“There’s always something…”
Despite its success, Netflix comedy series BEEF frankly still hasn’t had the amount of discussion and love it deserves. I am perfectly content recommending this show to the next person, and there are plenty of reasons to do so. From a stellar cast, to sharp comedic dialogue, to memorable title cards — and, at its heart, a great exploration of stunted emotional health among Asian American millennials. But in this article, I’d like to focus on how BEEF ends on strong, impactful images to close out its episodes.
The Aroma
The primary and recency effect points to people in general remembering the first and last things best in a given sequence. This phenomenon can also be used to guide people through an artistic work. The opening lines of a poem can ease readers in, and frame the entire work by letting readers know, for instance, what language or cadence to expect. Closing lines typically create impact through a reversal of or callback to a previous detail, or by introducing a new perspective right at the end.

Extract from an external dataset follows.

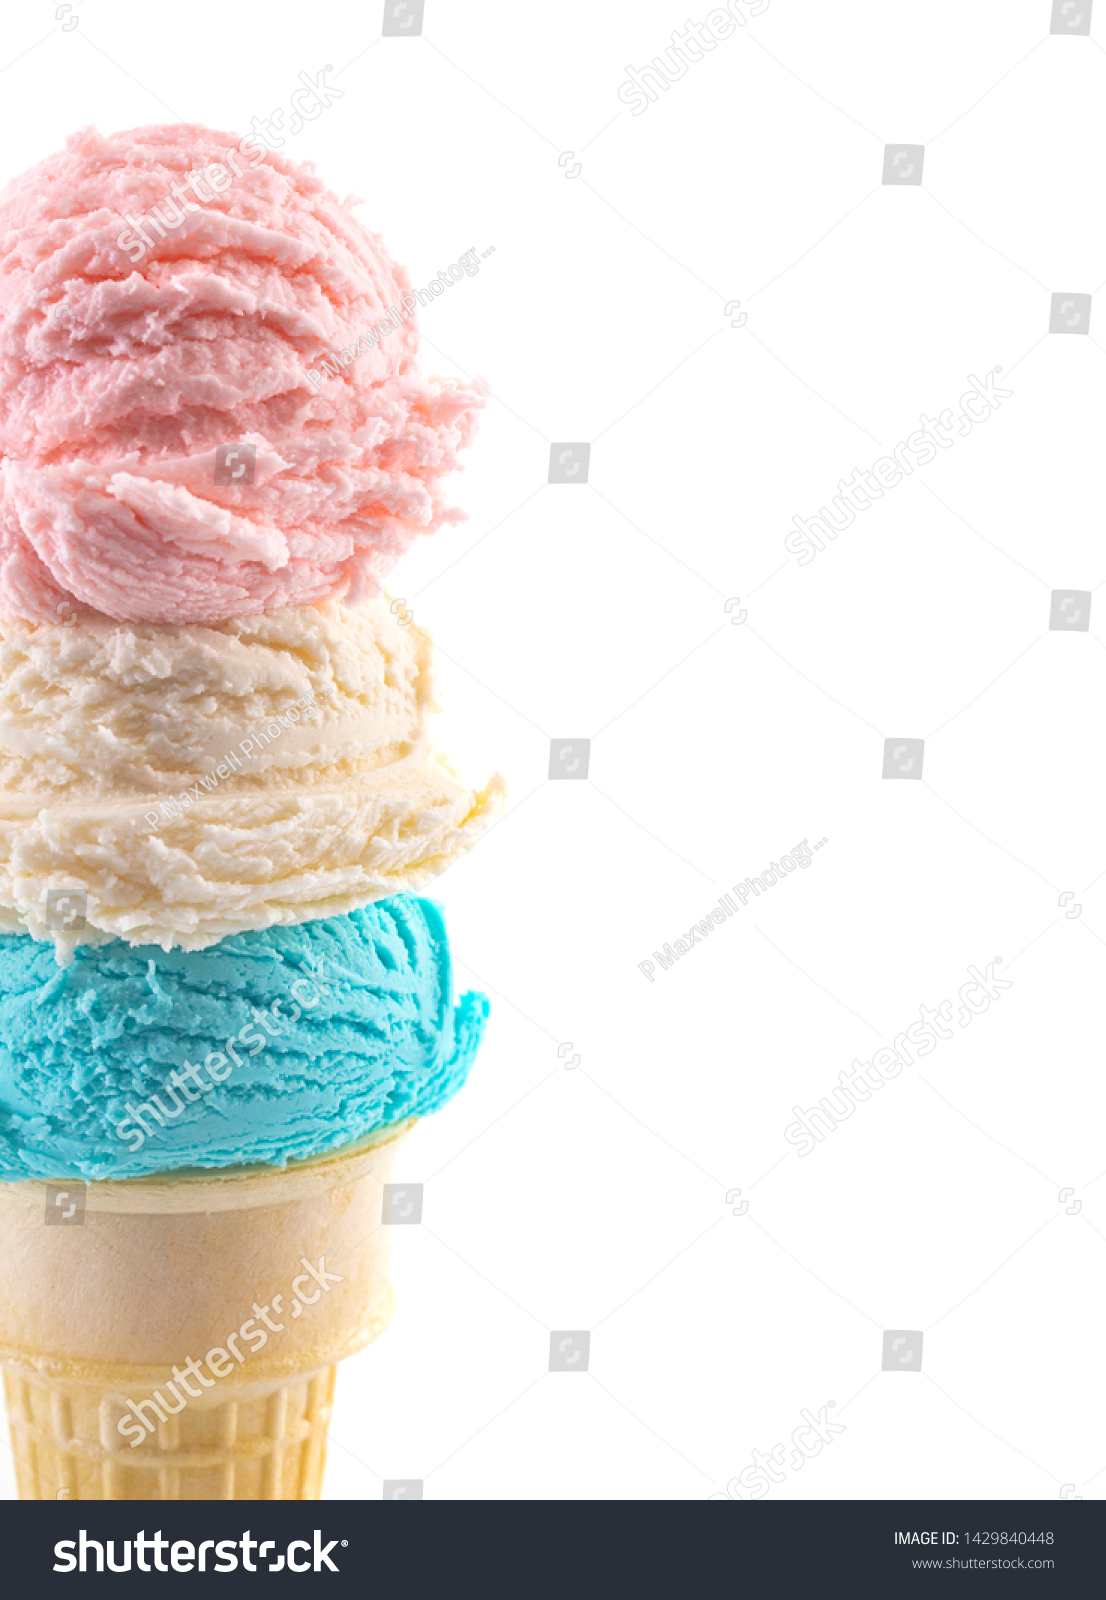 blue scoop ice cream

In TV series, opening and closing images — visual fragments — contain promises. They tell us what highs we might expect throughout the show, and what kinds of messes we will find ourselves in, respectively. In the case of BEEF, those questions can look like: ‘How will Danny win?’, ’How will Amy win again?’, and, ‘What do we still have to do to win?’ The beauty in BEEF is that all of those questions are intrinsically linked.
The First Bite
The first thing we see in BEEF is Danny being inconvenienced by a cashier at a grocery store. But the real, I guess, meat of the opening scene comes in the parking lot, when Danny gets cut off by the driver of a white SUV, just as he’s about to exit his parking spot. As the driver flips him the bird and speeds off, Danny decides today is the perfect day to be petty, and chases them down. But despite his best efforts, all he could collect was a plate number as the driver escapes. Our first image is that of a defeated Danny, in the heat of a car chase. It’s stressful, relatable, and high stakes right off the bat. A strong scene, at its heart, has an emotional hook — in this case, experiencing Danny’s defeats one after another, after another, after another…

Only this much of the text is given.